- **EXERCISE OBJECTIVE**:
Would you repeat the listing below exactly, with no pictures in it?

- **INFORMATION SUPPLIED**:
● ● ● ● ● ● ●
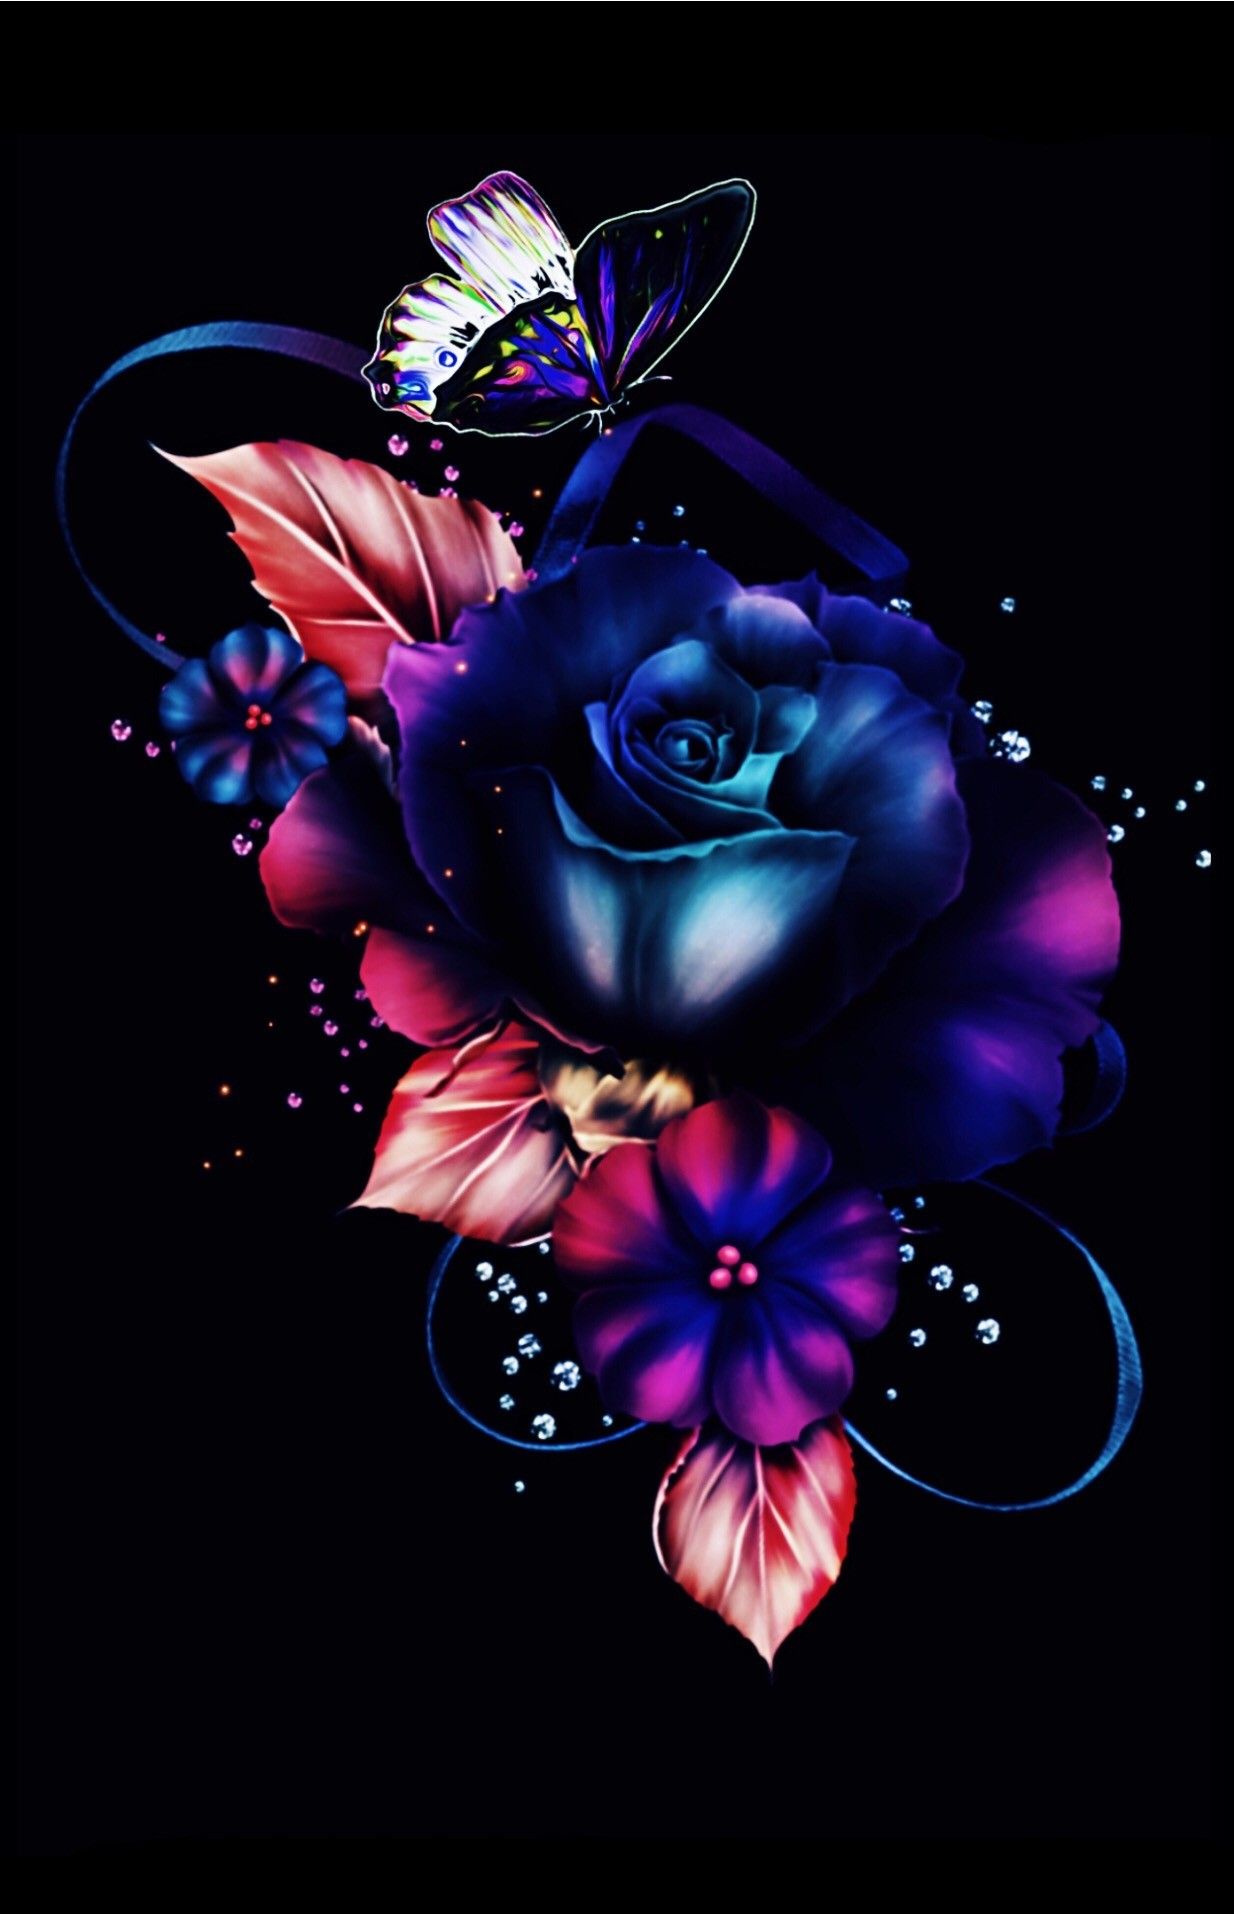 Wallpaper background. Flower wallpaper, Rose flower wallpaper, Blue roses wallpaper
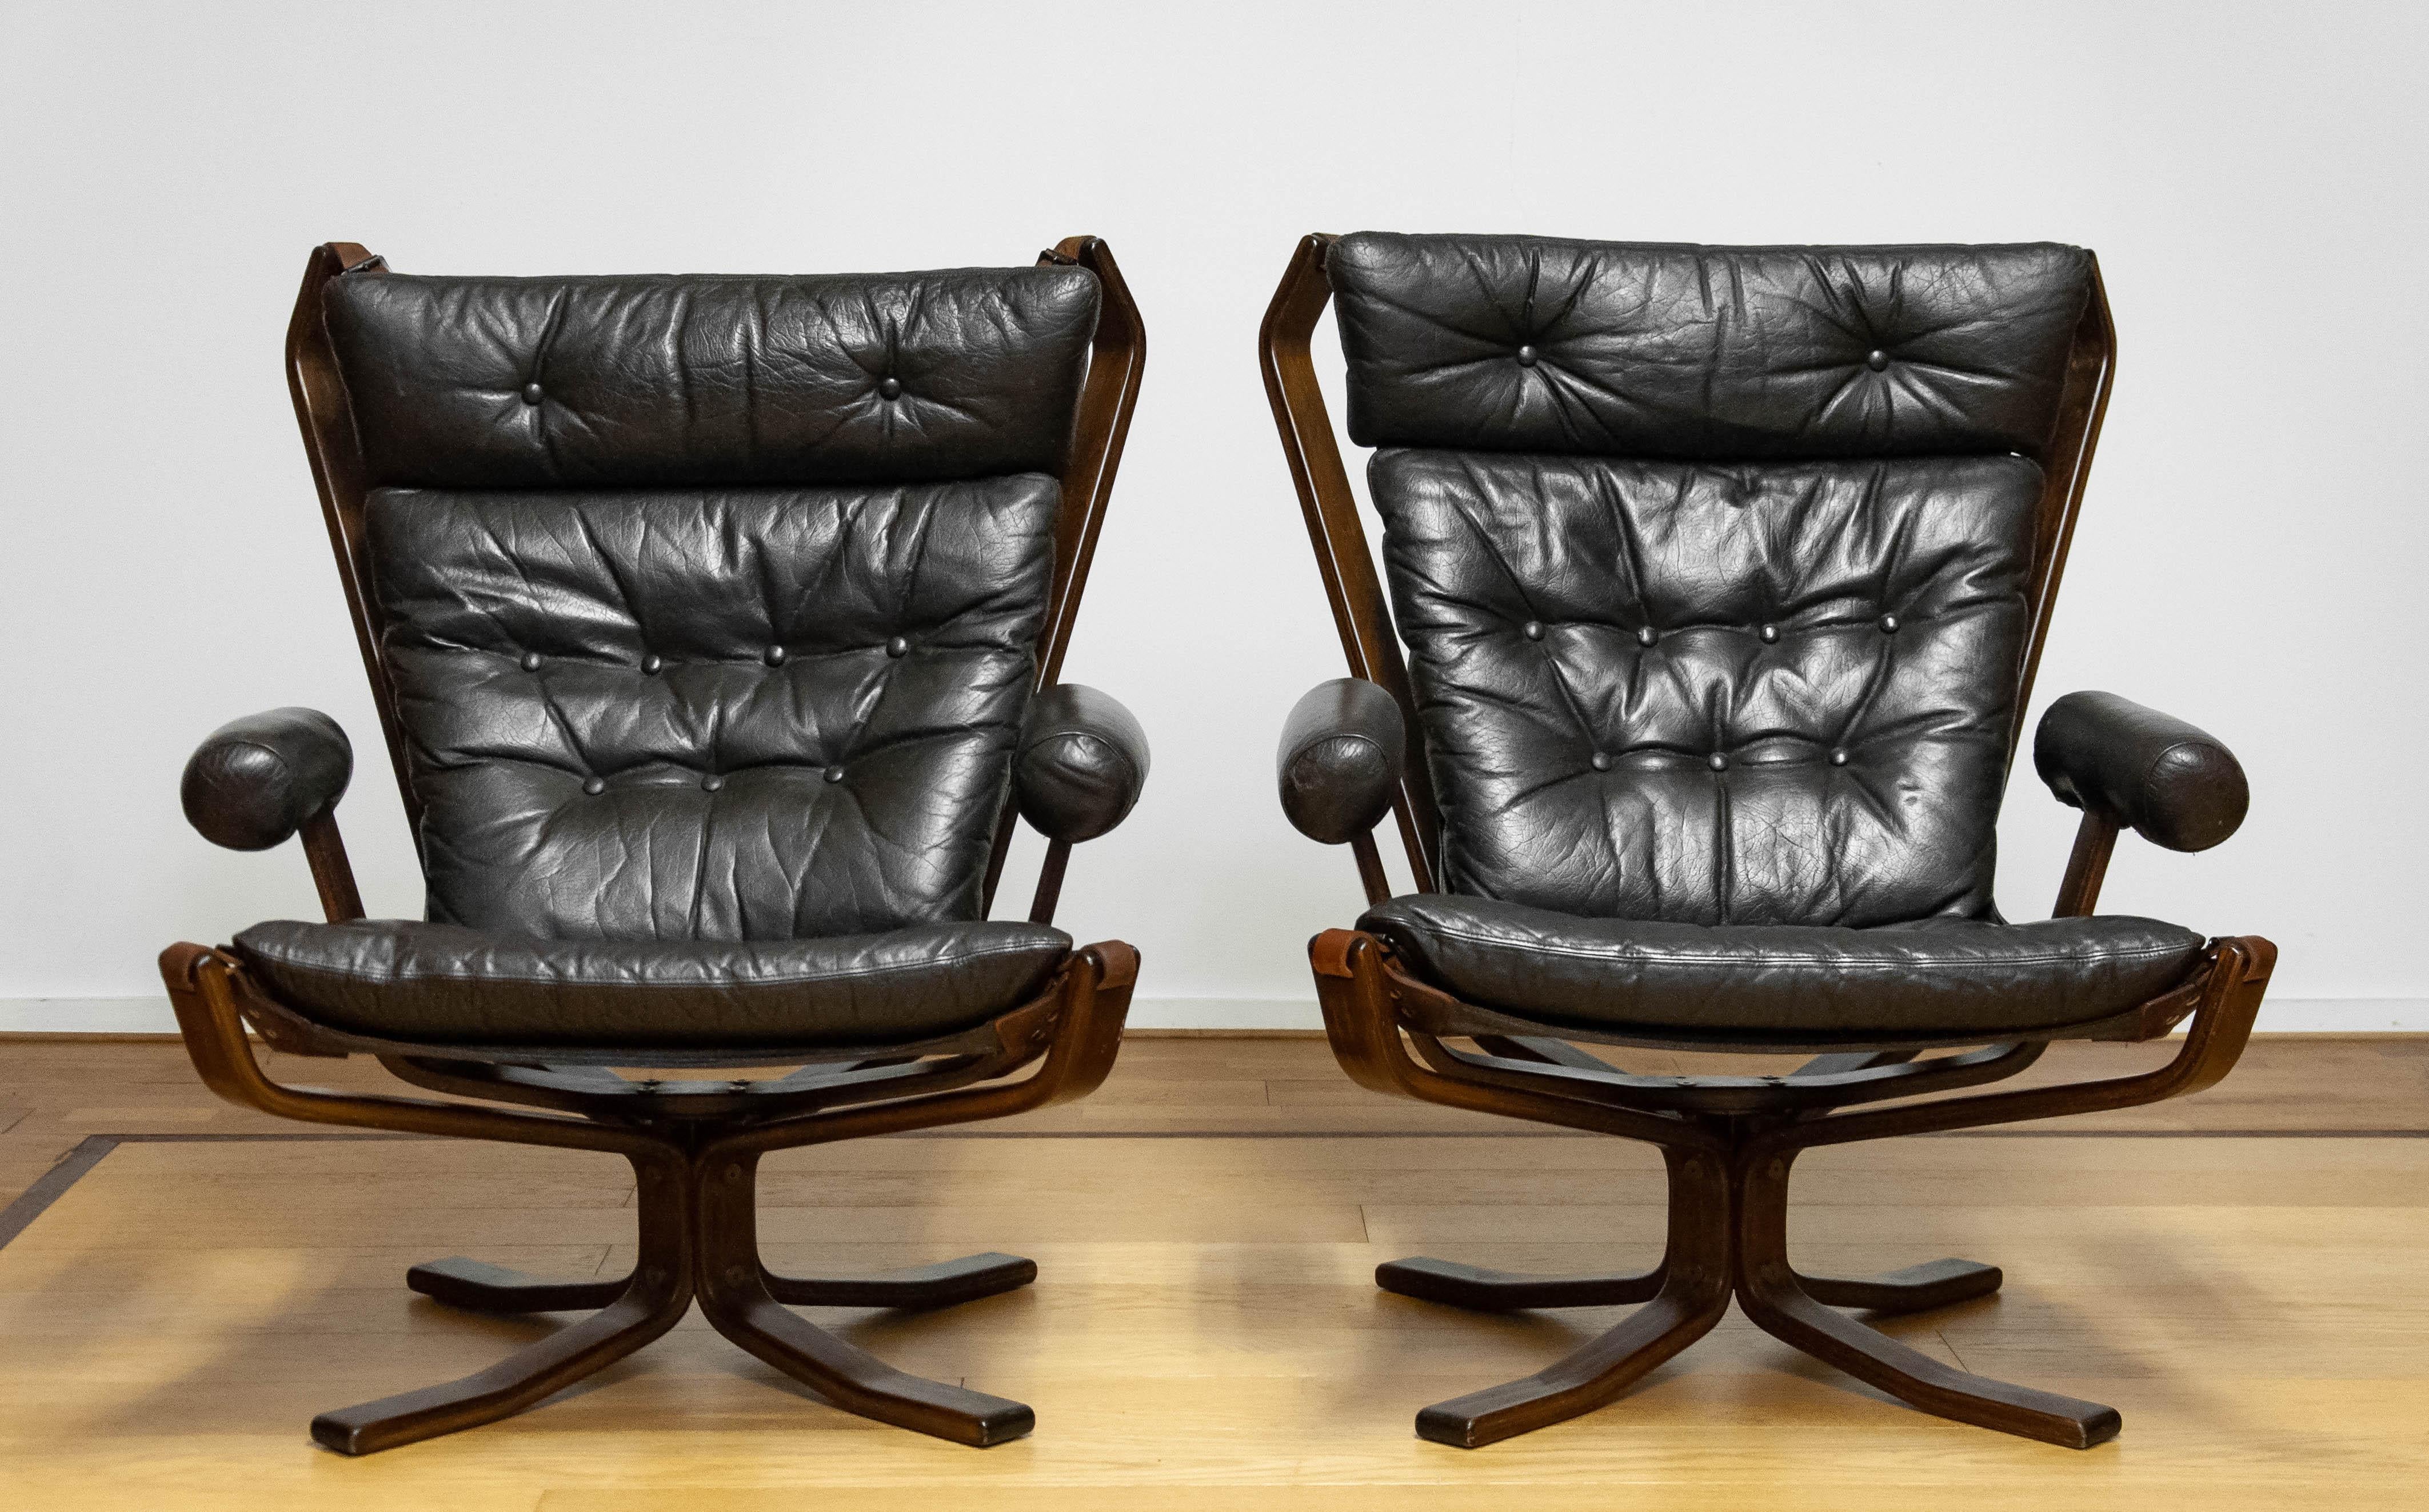 Paar schöne seltene Sessel Modell 'Superstar' entworfen von Sigurd Ressel und hergestellt von Trygg Mobler in Dänemark.
Diese Modelle wurden in limitierter Auflage hergestellt.
Auch bekannt unter dem Namen
● ● ● ● ● ● ●
- **WRITTEN ANSWER**:
 Wallpaper background. Flower wallpaper, Rose flower wallpaper, Blue roses wallpaper
 Paar schöne seltene Sessel Modell 'Superstar' entworfen von Sigurd Ressel und hergestellt von Trygg Mobler in Dänemark.
Diese Modelle wurden in limitierter Auflage hergestellt.
Auch bekannt unter dem Namen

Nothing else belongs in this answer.